Within four months of their meeting, they married in Vienna's Karlskirche. This was the happiest period of Mahler's life, and Alma assisted him in the composition of his 5th Symphony.
"Perhaps the most famous part of the 5th Symphony is the Adagietto, primarily because of its appearance on the soundtrack of Visconti's Death in Venice."
"When Death in Venice was first shown at a private screening in Hollywood, the producer said:"Hey, who wrote the music for this thing?" Someone said:"Oh, Gustav Mahler" and he says:"Can we sign him?"
"The piece is very spiritual and very spare, and very simple in many ways. Many people describe it as a love song or a love letter to Alma, but I think it's as much about Mahler, his solitude, his inwardness."
During his most blissful period, Mahler wrote some of his darkest music. From the 5th Symphony onwards there is a shift in his artistic perspective. His symphonies are no longer a search for a spiritual existence. they are about the tragedies of human experience.
"The premonition of the trilogy of his three internal symphonies, the 5th, 6th and 7th, for whatever reason each one starts with the Marche Funebre, Trauermarsch - and is a premonition of death, which started so early in his life. Because one is.. And the other one.. is a march of the 6th. If you analyse the mood and spirit of the music, it's a Trauermarsch, And then look at the beginning of the 7th.. and again the same rhythm, then the big trombone melody starts. I think there is something in those three symphonies which makes such a unity in the sense of the development. One symphony from the previous one, certainly, but also moodwise, they need to elaborate a concept of the Marche Funebre, Trauermarsch. I think this was a premonition for the tragedies which would follow in his life."
In his next symphony Mahler tried to cope with the idea of his own fate. The 6th is a psychological study of Mahler's emotional responses to his own impending sense of doom.
"What a person is thinking shows in the music, and he develops out of that his marvellous Freudian idea, that not what you see in him, but what he thinks, what he feels."
"He had these black moments of despair:"Everything is going to turn out badly, the musicians won't like me, they won't like my piece, I'll have to leave town again, they'll say I'm a Jew again" - that was certainly part of his nature. He had to really set down what that was so that he could be free of it."
The last movement of the 6th, includes some of the most emotional and frightening music he'd ever write.
"I've for a long time found the 6th Symphony the one work that I really don't want to hear. If I went to a live performance, it would almost give me a heart attack, the finale is so overwhelming. I haven't listened to it either live or on record for about 20 years.
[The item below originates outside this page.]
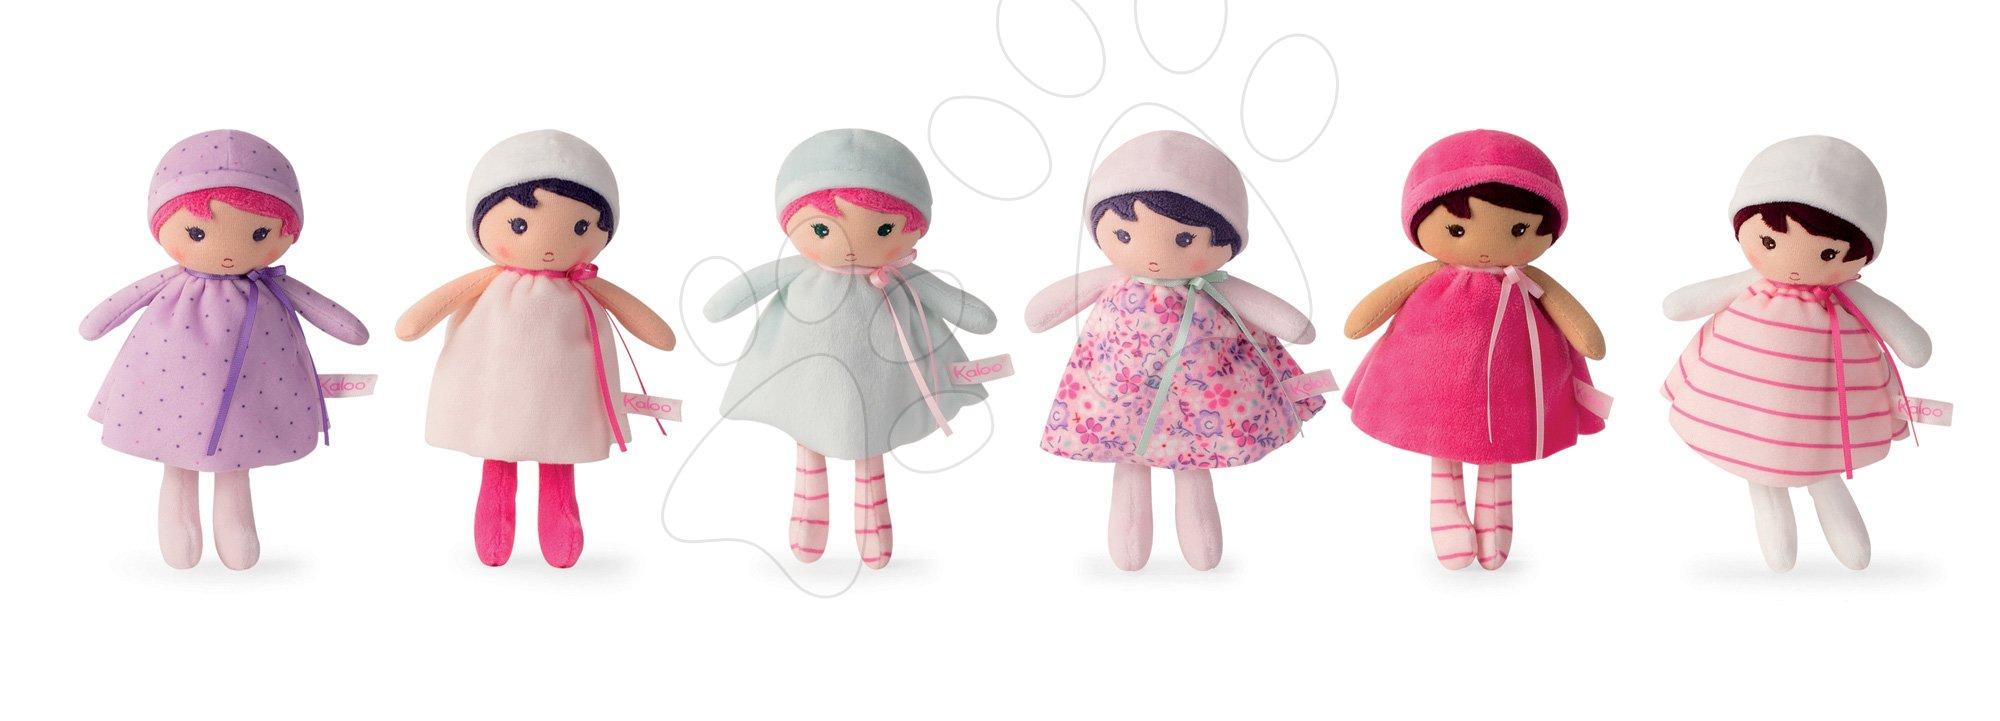 Set panenky pro miminka K Tendresse Kaloo 6 druhů (6 kusů) s výškou 18 cm

But I can still think the whole piece through - which is enough."
With the arrival of their second child, Alma began to object to Mahler spending so much time away, particularly during the summer while he was composing. Even when he wasn't composing, he would set off on his own in pursuit of nature, going for walks in the mountains, cycling, as well as swimming or rowing on the Worthersee. During his scarce moments at home, their interests would rarely coincide.
"He was a very intellectual, well-read man, Plato, Goethe, all the German philosophers, and you can feel sorry for Alma, because his idea of a cosy evening was to sit down and read aloud when she would like to have gone to a party. So in the end, things didn't go too well in that marriage."
"He was a very highly strung, nervous character. Fond of children but wouldn't want them around all the time, and slightly at odds with his wife - loved her, but didn't want her stealing his thunder - she was a composer too - and kept her under his thumb."
"There must have been a lot of resentment. After all, she was deeply temperamental. It took her a long time to understand how great Mahler was. He was a great conductor, he was a great personage. She felt the power of his personality, but his music didn't, until much later, really move her. So she felt this was a beautiful thing she was doing, to give herself to his music, rather than her own. But I think it took its toll on her from inside."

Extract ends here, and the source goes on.